(BRIEF):
Copy exactly, and copy nothing else: the line that contains "Artificial Flower With" and all lines after it in the listing, without pictures.

[DATASET SECTION — start]

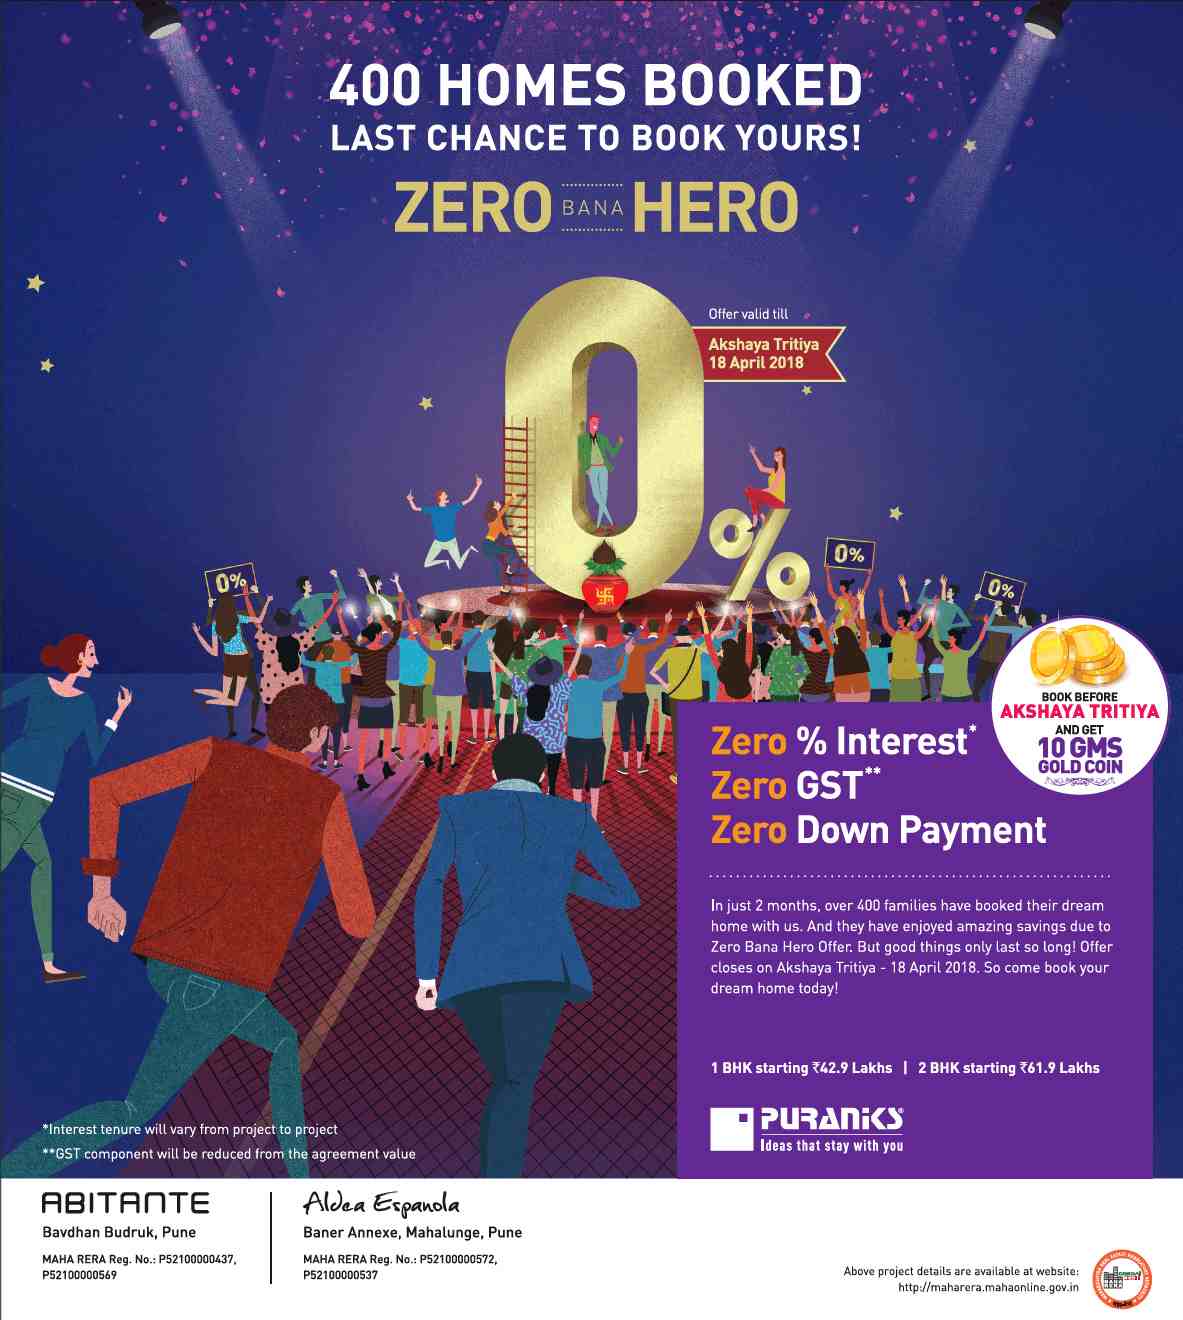 Book home with Zero Bana Hero Offer valid till Akshaya Tritiya at Puranik properties in Pune Update
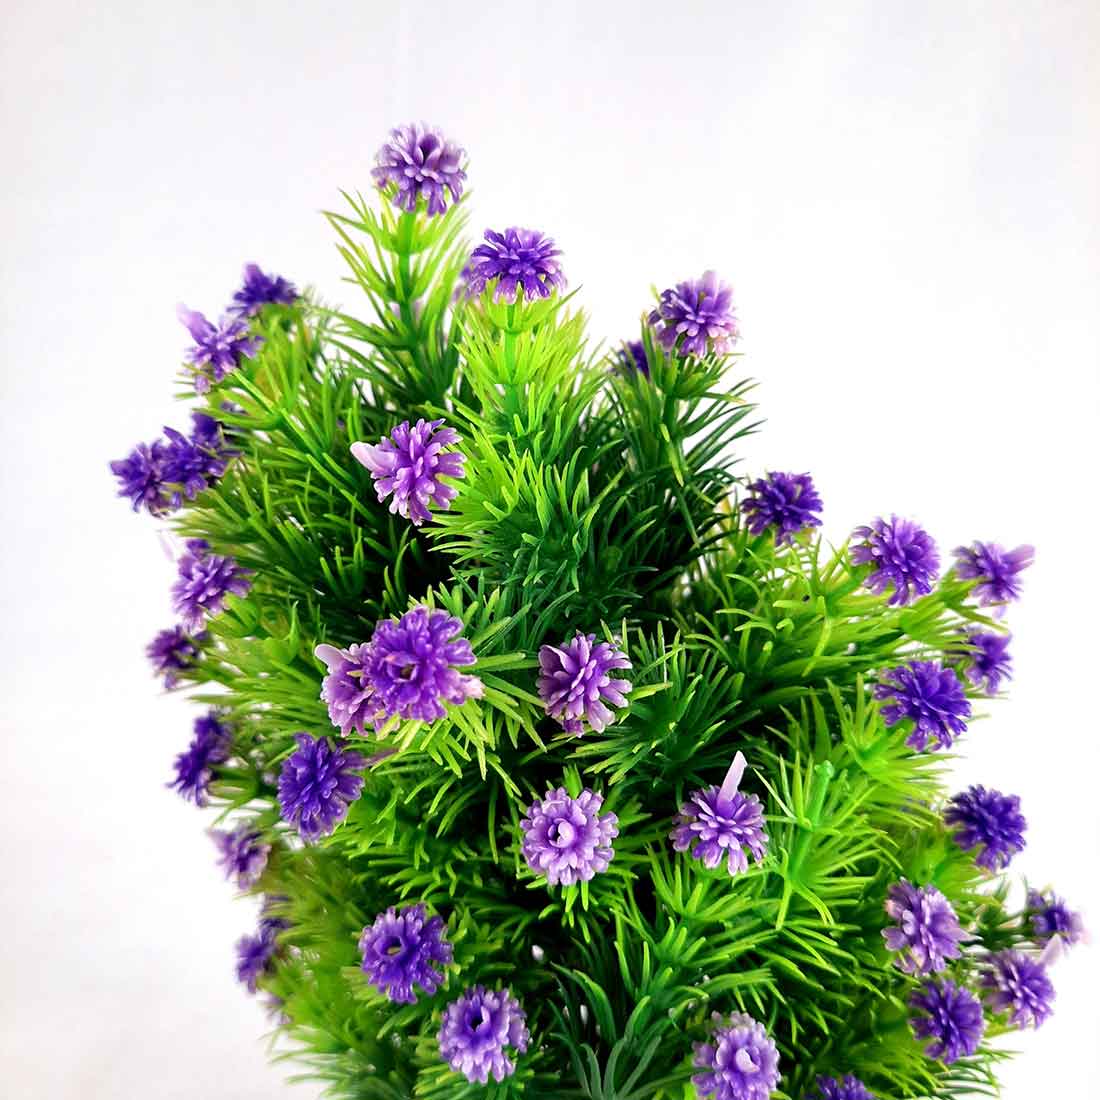 Artificial Flower With Pot- Apkamart #color_Purple
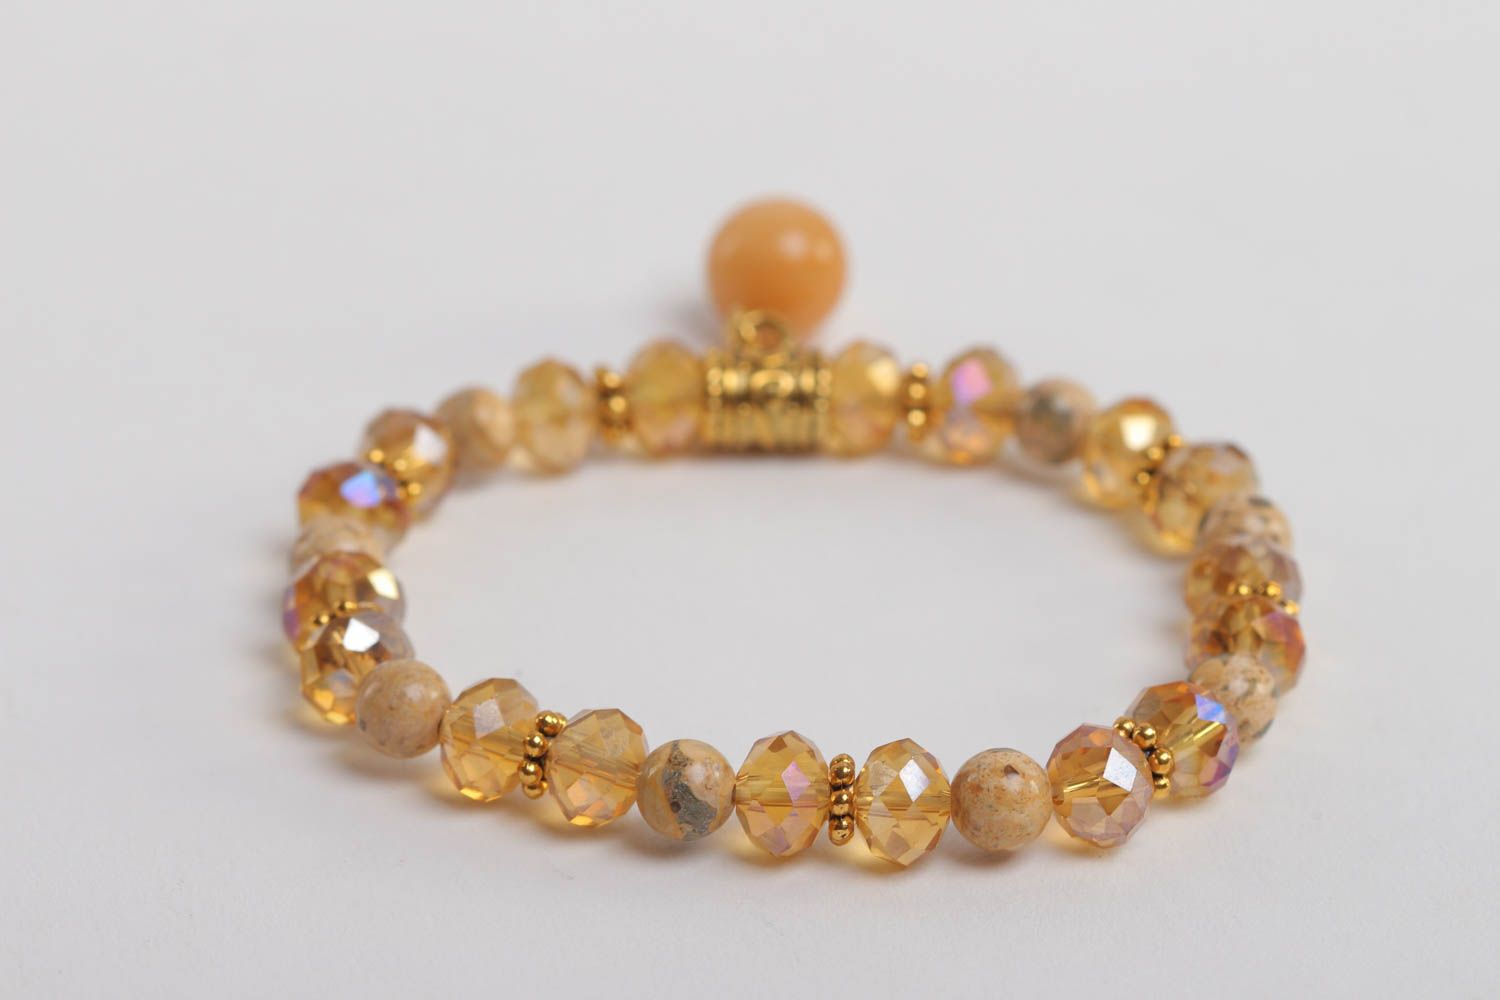 Stone beige beads' charm tennis bracelet for teen girl photo 4

[DATASET SECTION — finish]

(RESPONSE):
 Artificial Flower With Pot- Apkamart #color_Purple
 Stone beige beads' charm tennis bracelet for teen girl photo 4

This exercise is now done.